One reads about the organizational skills of Rube Walker and how he took care of the his players. One learns of the promotional skills and business acumen of people like Abe Saperstein and Eddie Gottleib. The most interesting aspect of this history, however, is learning about the colorful personalities in Black Baseball. For example, one learns how Satchel Paige refused to be exploited and was not afraid of changing teams when he felt slighted.
Satchel Paige did not develop a curve ball until he was in his 40s! His fastball had that nasty habit of fooling batters because it hopped as it crossed the plate. He was a master showman and entertained every time he pitched.
One learns some great legends about the history of baseball. For example, one learns that before there was a color barrier Black players had to worry about getting spiked by opposing players.

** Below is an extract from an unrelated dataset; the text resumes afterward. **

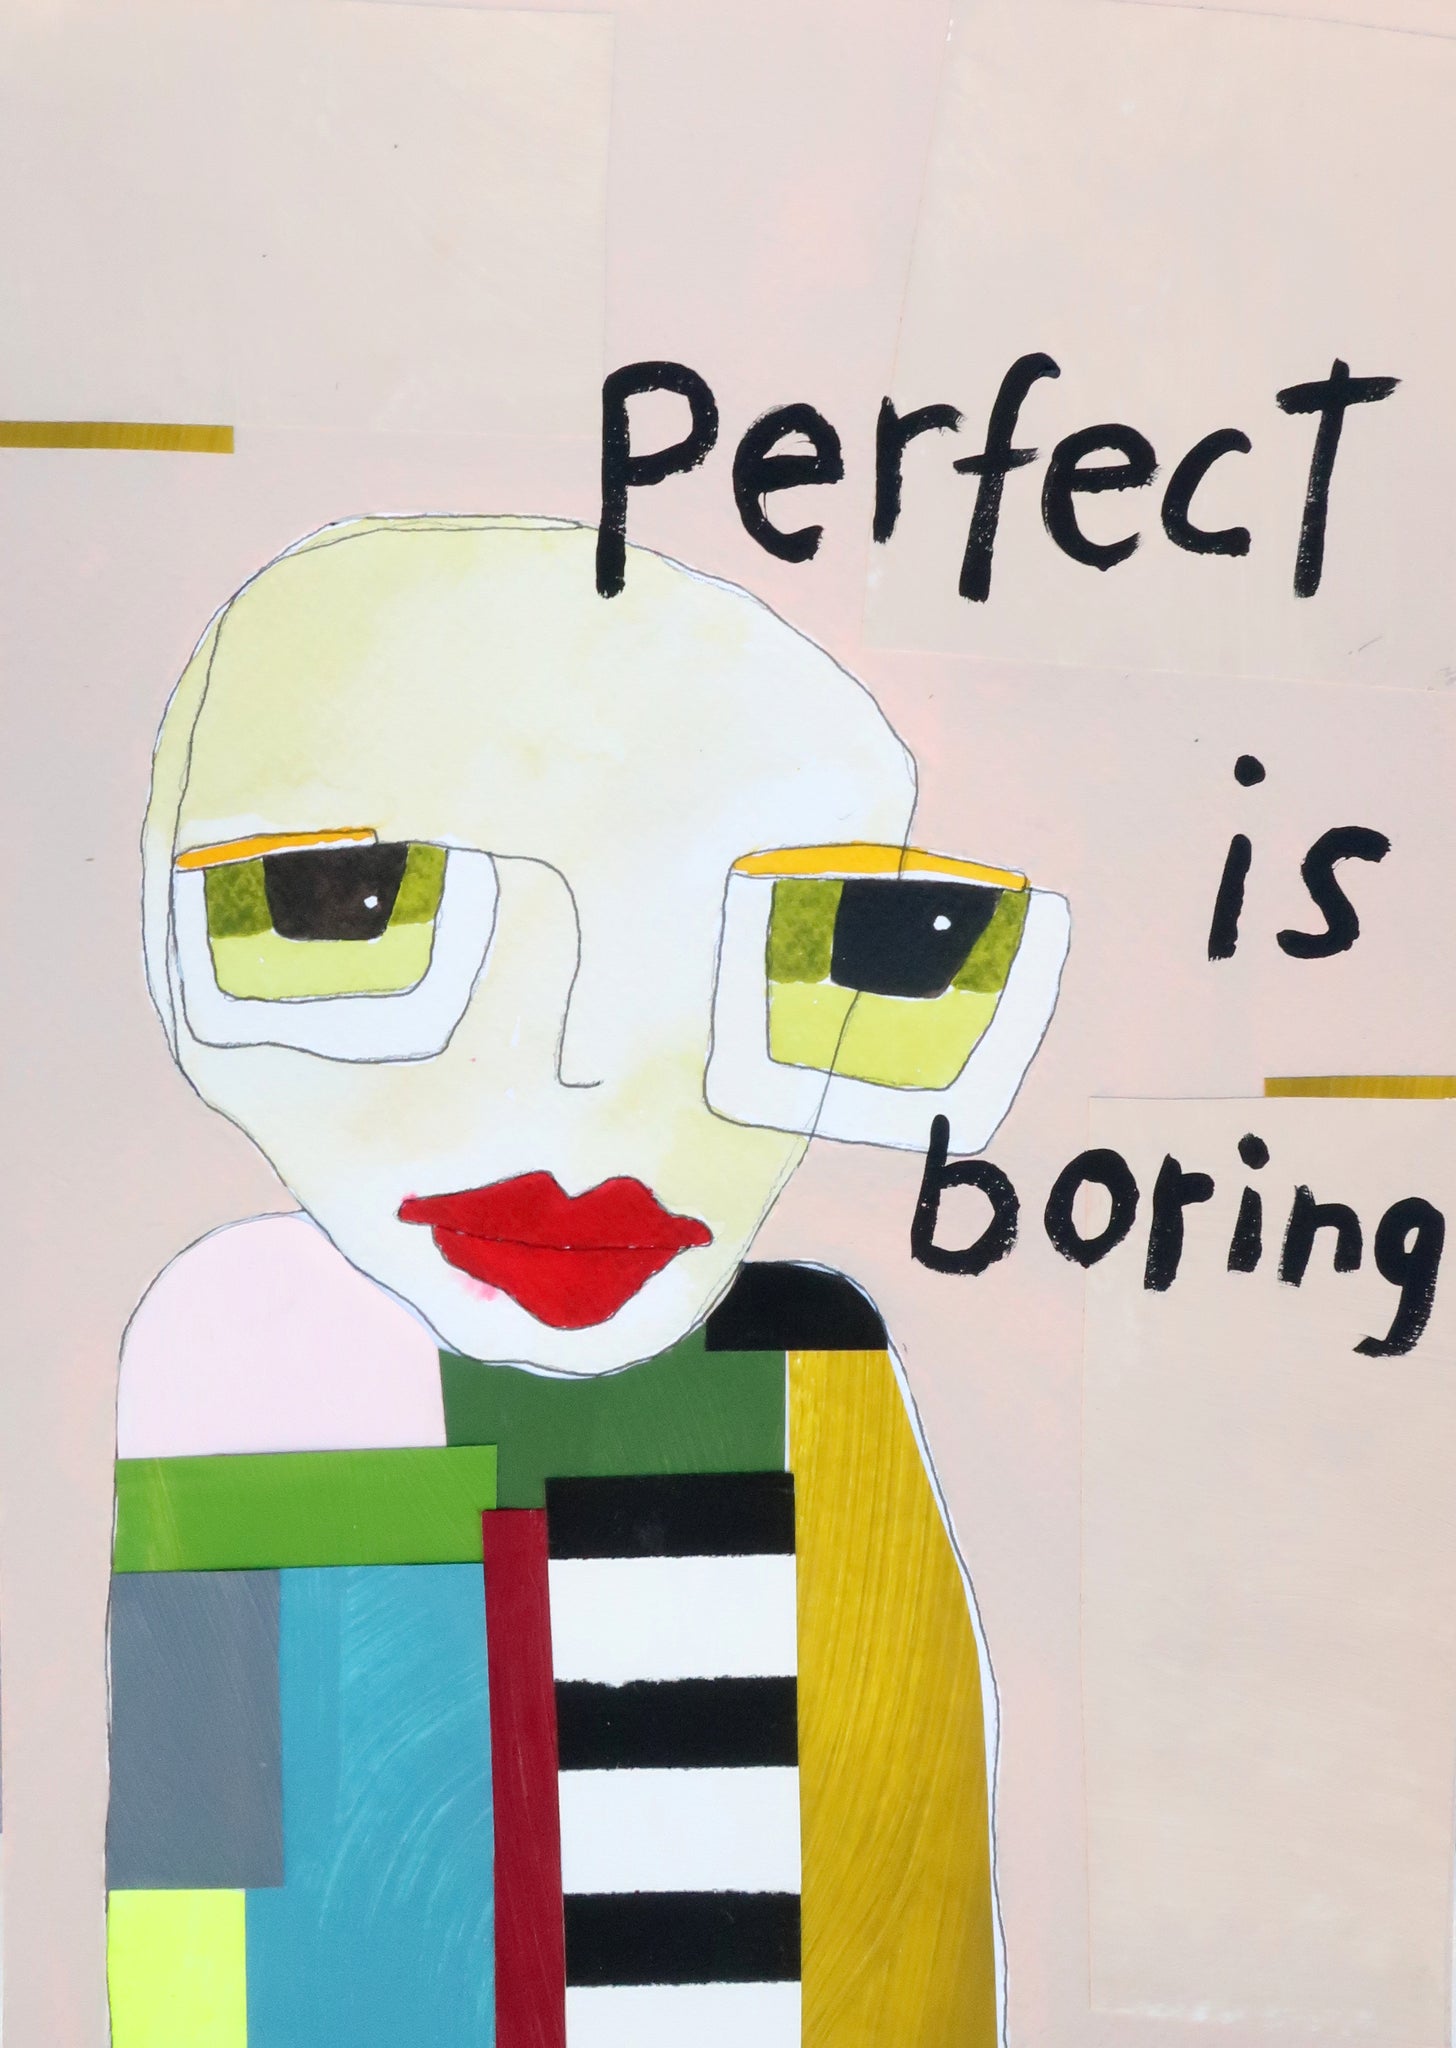 Perfect is boring in rose

Wooden shin-guards were developed for the second baseman because he had to expect instead of a head first slide, a spikes high slide. One learns that the prejudiced player would sharpen his spikes and split the shin-guards!
Josh Gibson, the Babe Ruth of the Negro leagues was so legendary that they tell the story that he hit a home run ball that did not come down in Pittsburgh but was called an out the next day in Philadelphia when the ball landed in the outfielders glove! The pitching great Walter Johnson testified to the talent of Gibson by calling him a $200,000 ball player because that is what any team would pay for his contract were it not for the fact that he was "colored".
Cool Papa Bell could be on third base before the catcher figured he was stealing second!
Not every black player was a major leaguer, however, so many players made there way to Major League Baseball: Jackie Robinson, Roy Campanella, Larry Doby. Even Willie Mays got his start in the Negro Leagues. Professional black baseball was so unnecessary and only highlighted this country's bigotry. The book points out for example, that the baseball leagues in Mexico lacked any prejudice because there was accepted diversity.
This book is a worthwhile read in the history of American sports.